La conciencia del valor incuestionable de esta dignidad nos ayuda a levantarnos cada mañana a pesar de la «grieta matinal», con que Álvaro Mutis evoca a la llana condición humana de incompletud y de necesidad de búsqueda de sentido que cada amanecer nos acosa;  nos auxilia a enfrentar el dolor heredado y reproducido consciente e inconscientemente; nos permite construir esa distancia emocional indispensable ante la abyección y nos conduce hacia el horizonte de la hospitalidad, opuesto al de la hostilidad y el desprecio. La hospitalidad y la hostilidad son las vías que han transitado los trashumantes de todos los tiempos.  En el nuestro, caracterizado por la falta de compromiso y responsabilidad de nadie que no sea uno mismo y ahogado por una demanda de soberanía de hacer lo que nos plazca a partir de una inmensa negación,   se responde a las aspiraciones del más fuerte olvidando las aspiraciones de servicio, respeto,  y responsabilidad hacia ese Otro que somos nosotros mismos. La mayoría estamos potencialmente lanzados a vivir en el desconsuelo de una indigencia trashumante que sólo puede ser superada mediante esa «hospitalidad absoluta», de la que hablaba Derrida, única capaz de derrumbar los muros yermos de la hostilidad y la evasión, tal y como se hace presente desde tiempos bíblicos, cuando Abraham se levanta de la entrada de su tienda para ir al encuentro de tres hombres llegados de quién sabe donde y, postrándose a sus pies, reconoce en ellos la presencia de Dios:

"Señor mío, si quieres hacerme un favor, te ruego que no pases de largo …  Yo haré que les traigan un poco de agua. Lávense los pies y descansen a la sombra del árbol (…) Abraham fue rápidamente a la carpa donde estaba Sara y le dijo: “¡Pronto! Toma tres medidas de la mejor harina, amásalas y prepara unas tortas”. Después fue corriendo hasta el corral, eligió un ternero tierno y bien cebado, y lo entregó a su sirviente, que de inmediato se puso a prepararlo. Luego tomó cuajada, leche y el ternero ya preparado, y se los sirvió".
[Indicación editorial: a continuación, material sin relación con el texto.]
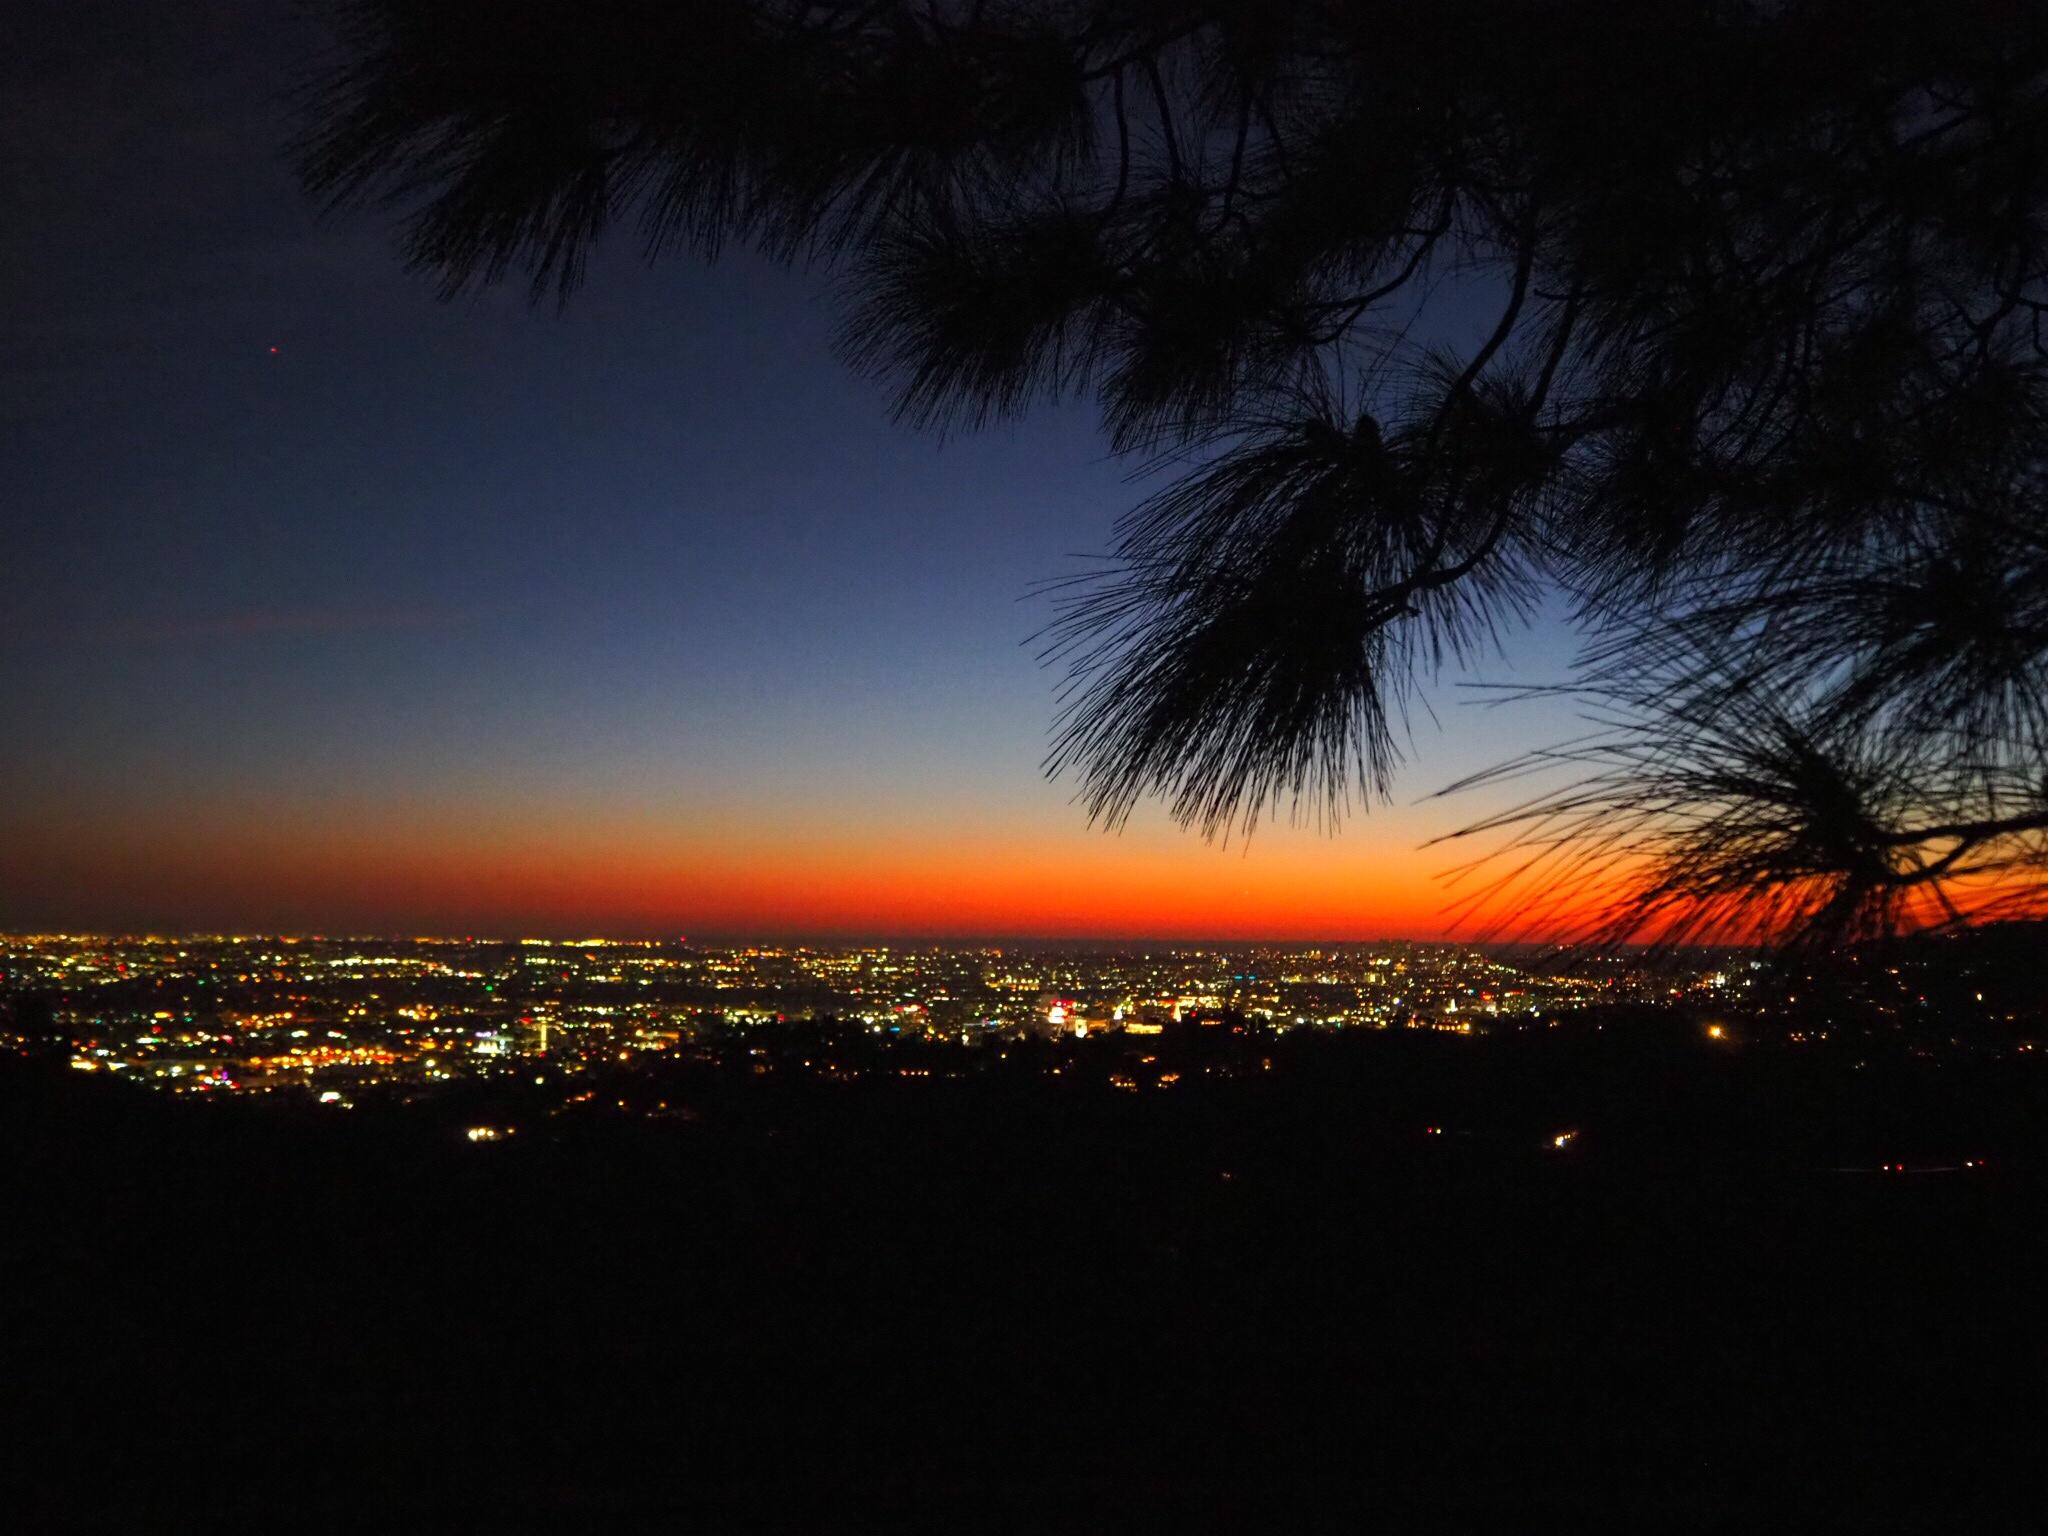 img 2384 - 24hours in LA - ロサンゼルスで過ごした24時間

Al principio…, la hospitalidad infinita

La gran potencia de la hospitalidad emerge hoy frente a la constante puesta en escena de los estados de excepción, que son dirigidos y aplicados para indigentes trashumantes, cualesquiera sea su condición de indigencia y su necesidad de tener un hogar. Bajo su cobijo se desvanece esta reminiscencia infame de la hostilidad que es falso principio existencial sostenido por esa «teodicea del mal», que bajo el supuesto de conciliar y justificar el sufrimiento y el dolor, deifica una autoridad omnisciente y omnipresente, llámese Dios, Estado o un imperativo mayor, el de la "seguridad propia".

Con el resguardo de la virtud de la hospitalidad se descubre el disfraz de una legitimidad formal y de un egoísmo que esconden su ausencia de relación con la vida y que privilegian la desconfianza frente a la aceptación del Otro, cuando más lo necesita. Un disfraz que erige la mezquindad como modo privilegiado de relación humana con muros rodeados de socavones que son la máxima representación del rechazo y la hostilidad: “pobres, los mataron en la frontera…, pero primero hay que ver que no se lastimen las relaciones entre países…, lo bueno es que aquí no hay paso de migrantes…, apaga el televisor que ya vimos demasiadas malas noticias”, “mira cuantos ancianos hay que están abandonados…, por cierto ¿ya le hablaste a la vieja?, hace mucho tiempo que no sabemos de ella”,  “ufff, estos niños de la calle son un tropel bastante molesto…, cierra la ventanas del coche y mira para otro lado”. La virtud de la hospitalidad significa abrir entre estos muros un espacio para la acción humana que corte de tajo el nexo entre violencia y derecho o defensa de cualquier tipo, porque en ella el mundo y la humanidad comienza. 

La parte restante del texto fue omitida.